§ **The task**: Transcribe the listing below exactly, without pictures.

§ **Dataset extract**:
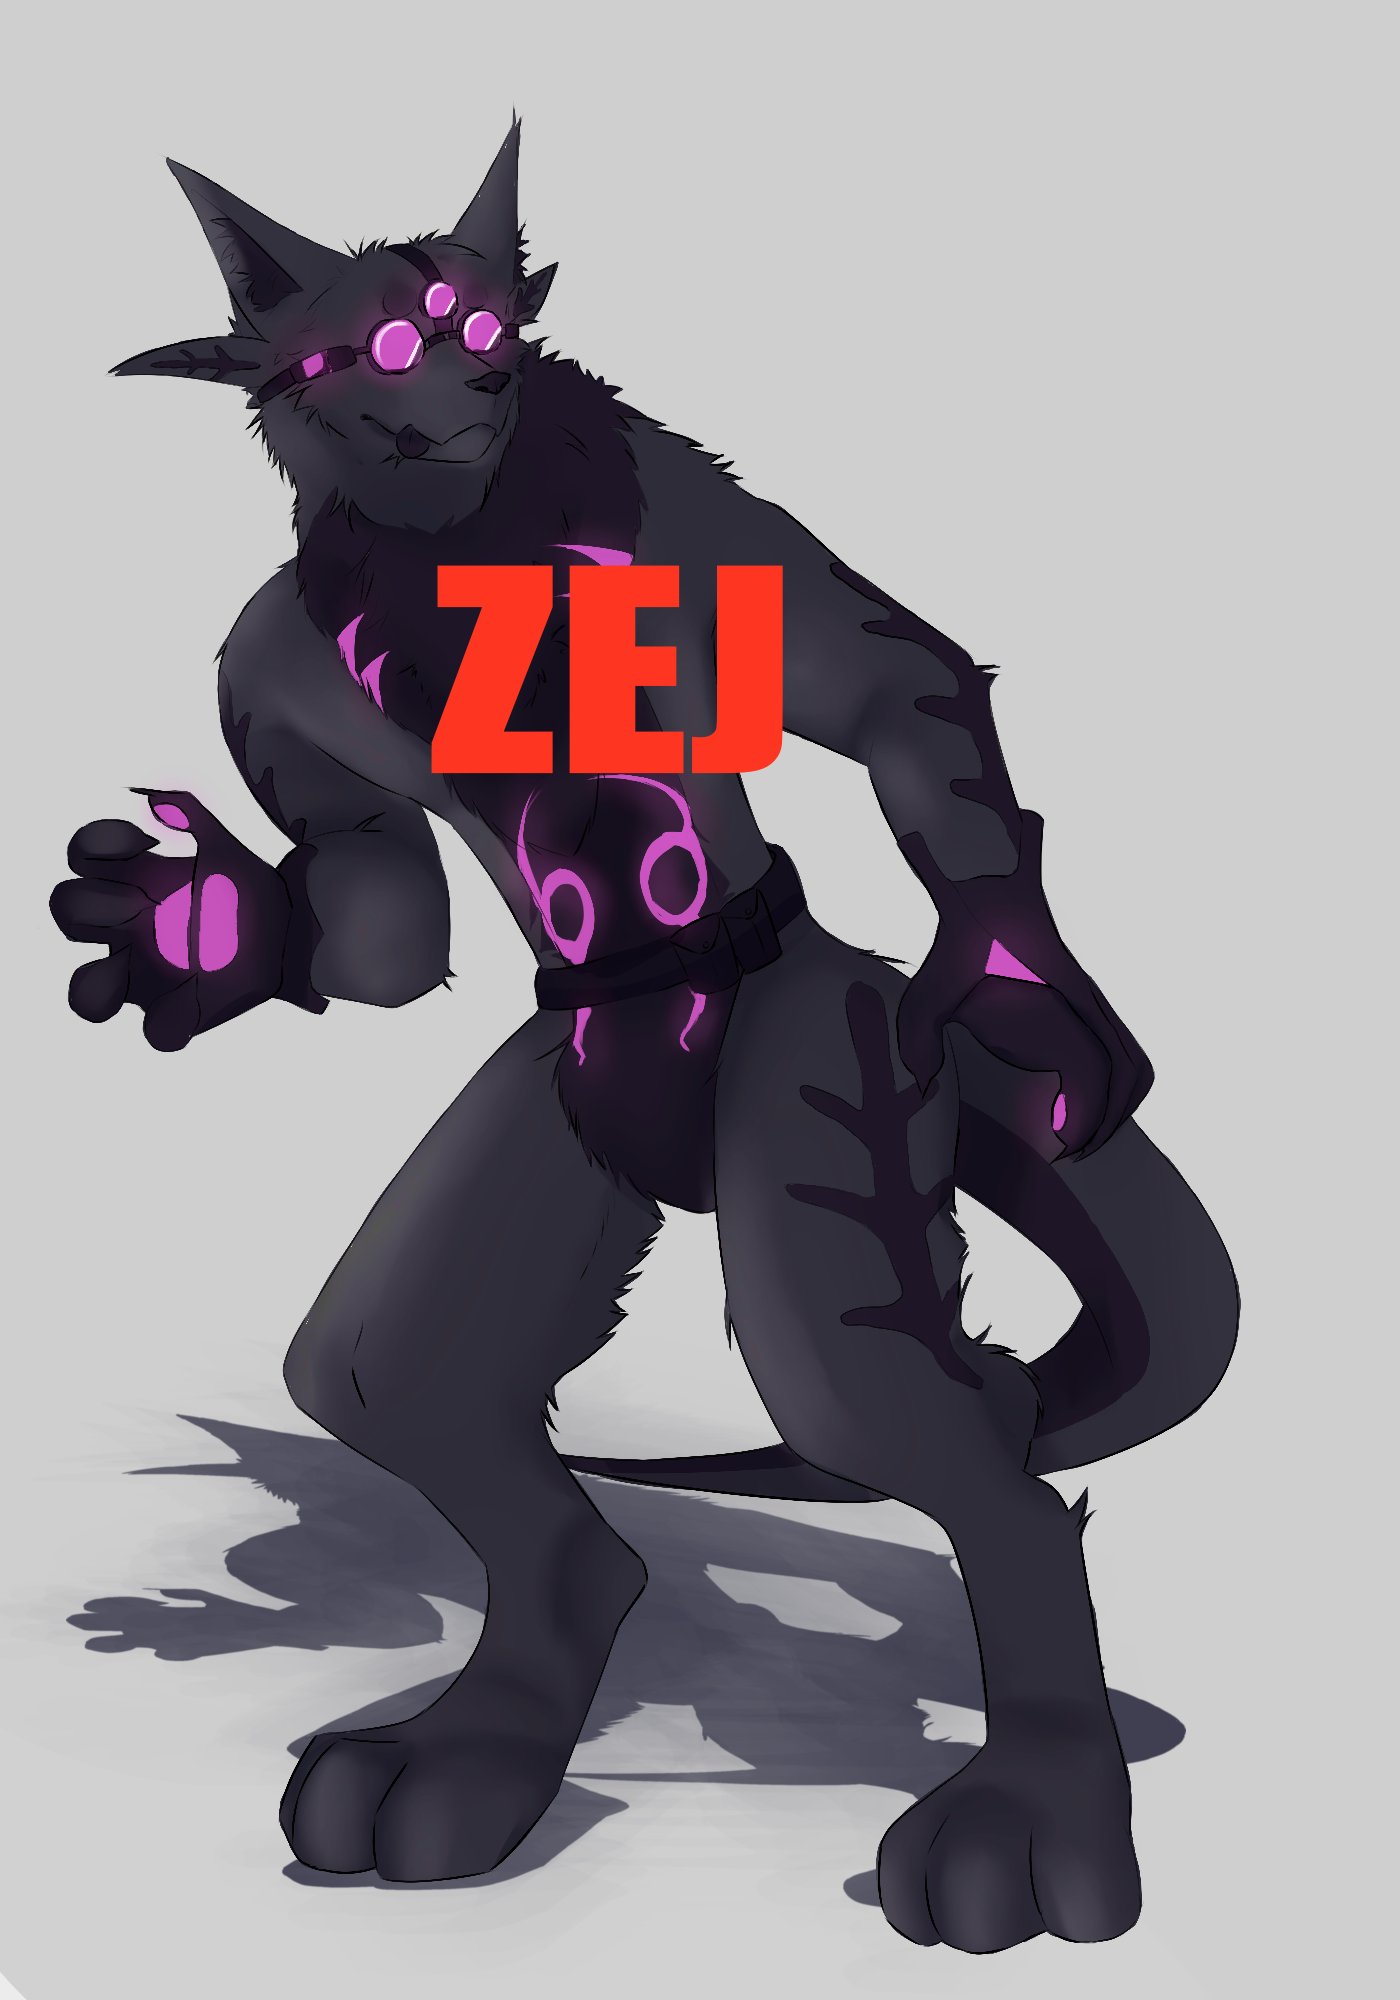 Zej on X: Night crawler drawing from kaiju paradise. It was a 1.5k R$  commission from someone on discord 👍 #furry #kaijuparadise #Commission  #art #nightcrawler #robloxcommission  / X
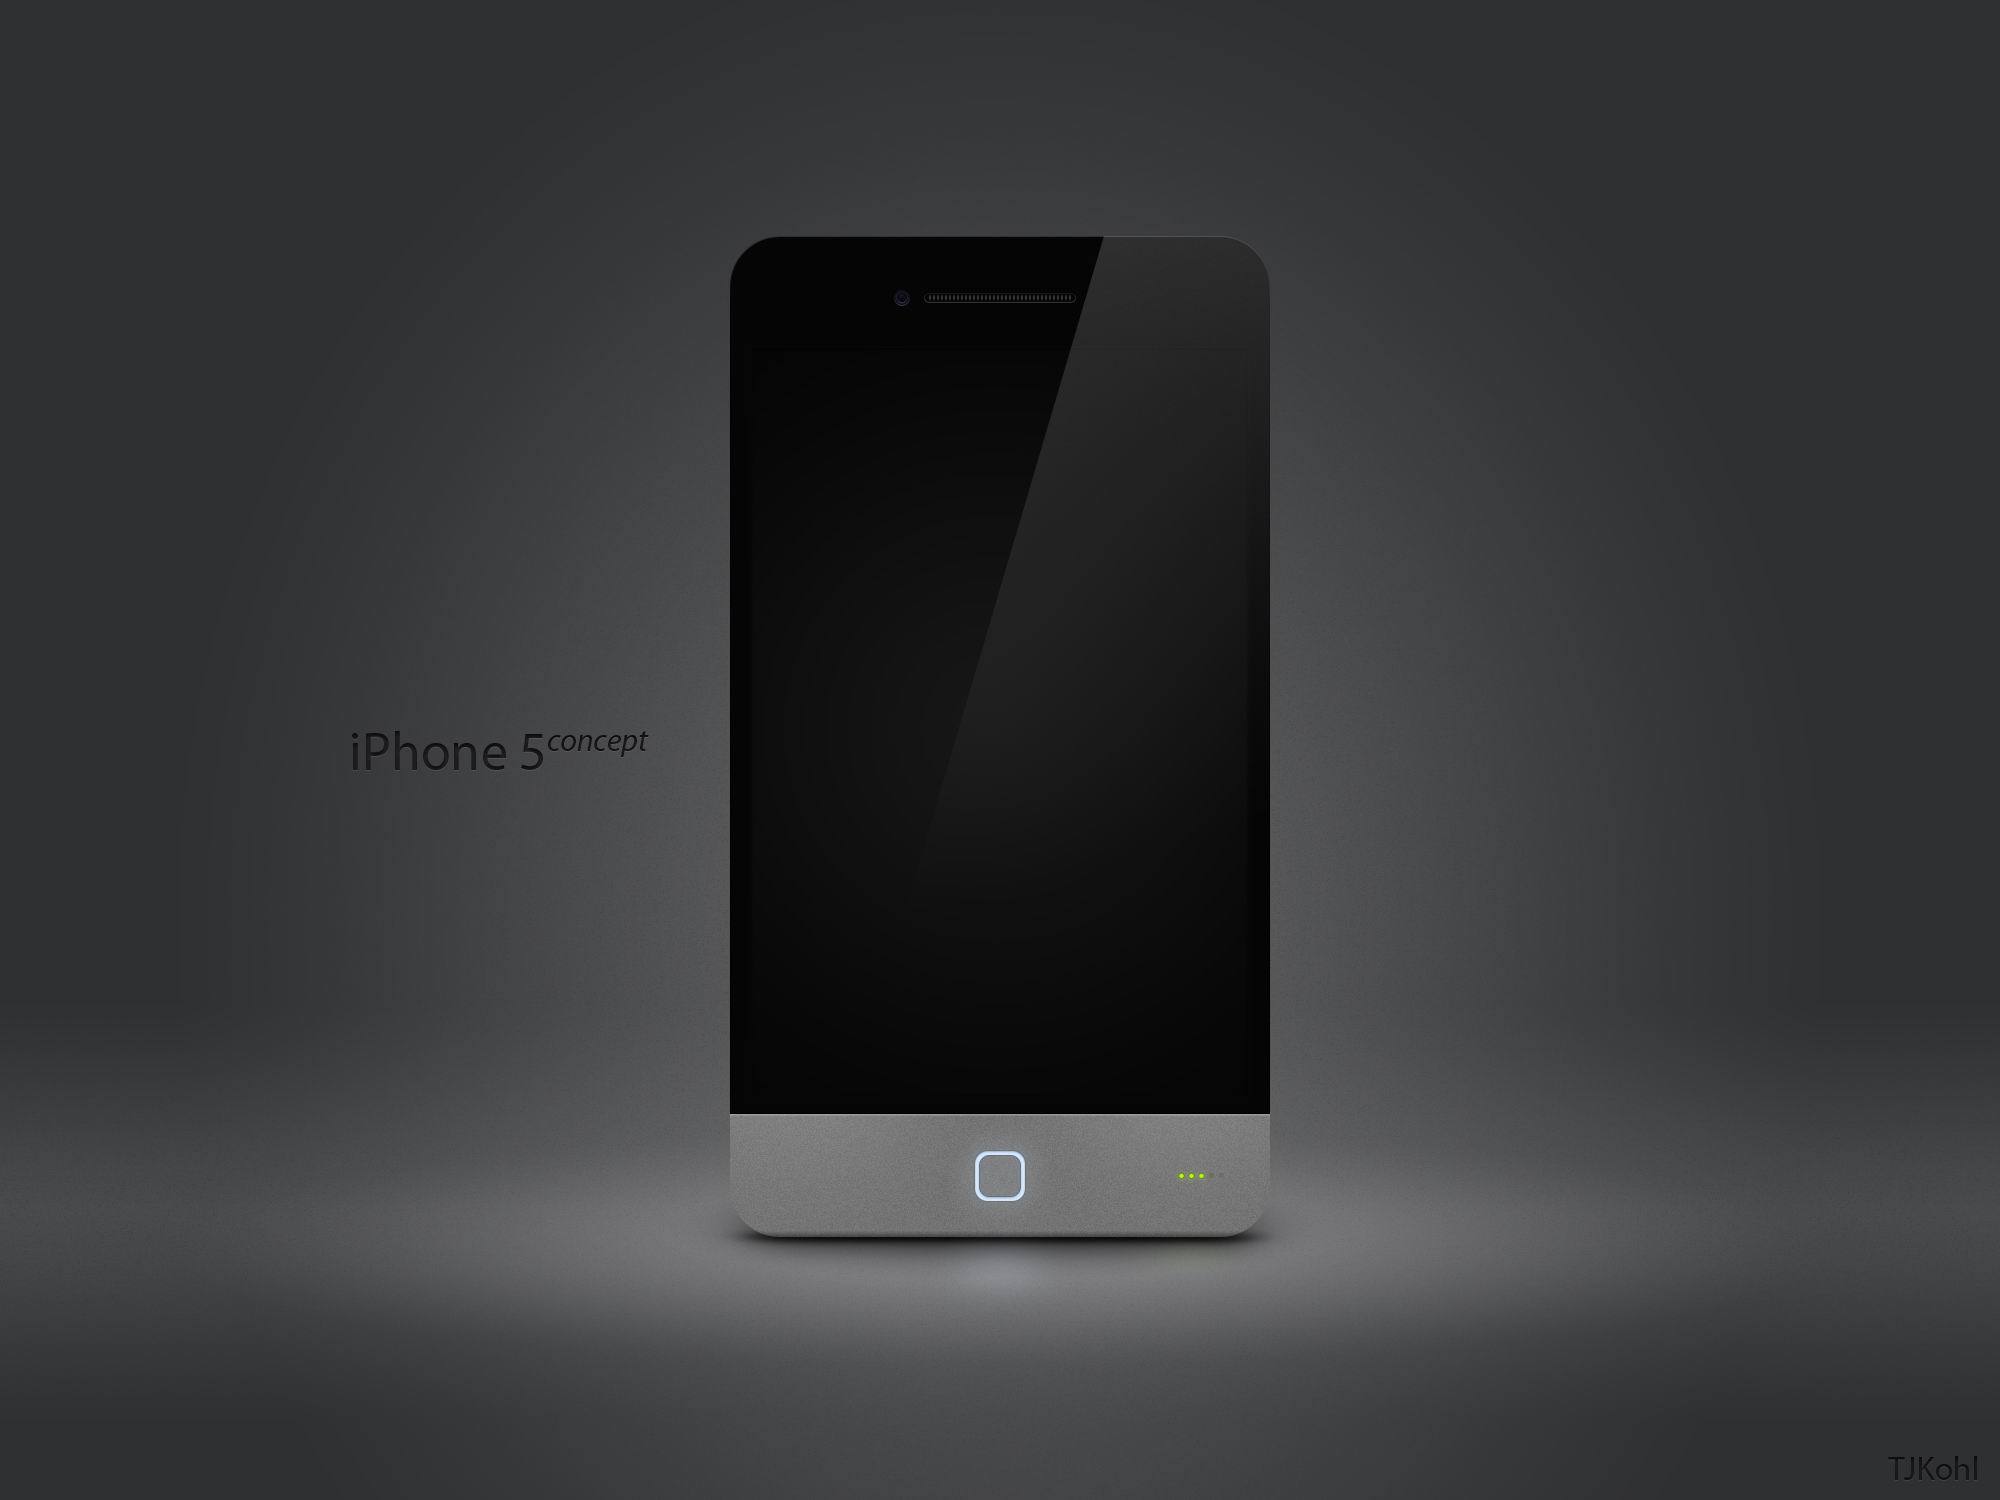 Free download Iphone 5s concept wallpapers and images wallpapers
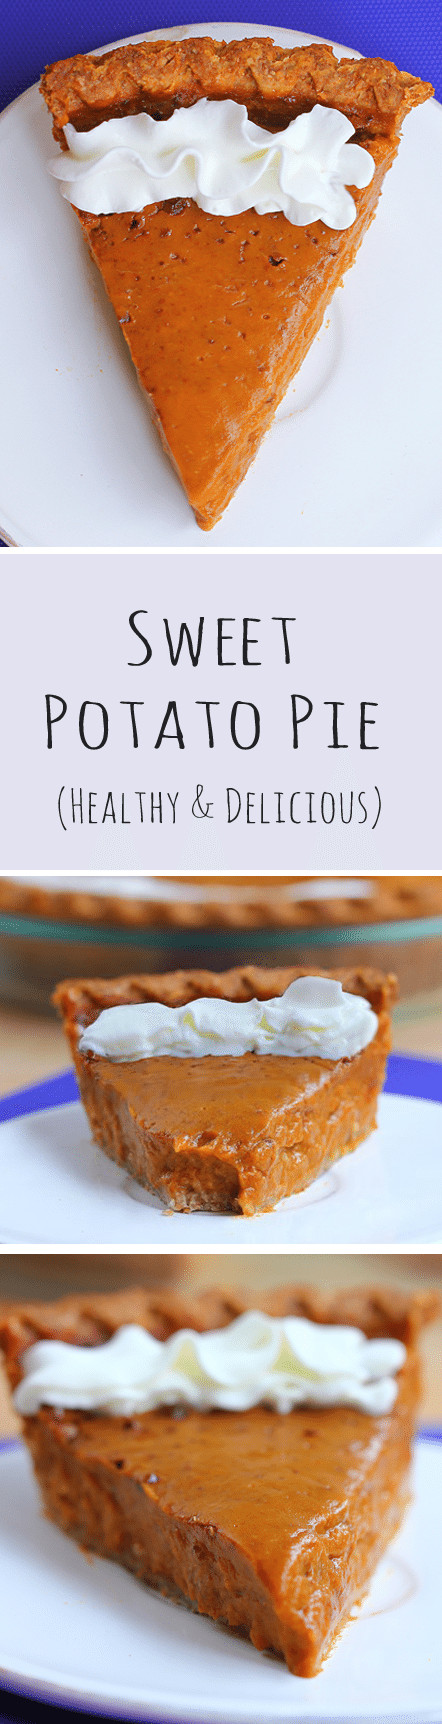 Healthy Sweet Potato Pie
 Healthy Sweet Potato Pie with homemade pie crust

§ **The answer**:
 Zej on X: Night crawler drawing from kaiju paradise. It was a 1.5k R$  commission from someone on discord 👍 #furry #kaijuparadise #Commission  #art #nightcrawler #robloxcommission  / X
 Free download Iphone 5s concept wallpapers and images wallpapers
 Healthy Sweet Potato Pie
 Healthy Sweet Potato Pie with homemade pie crust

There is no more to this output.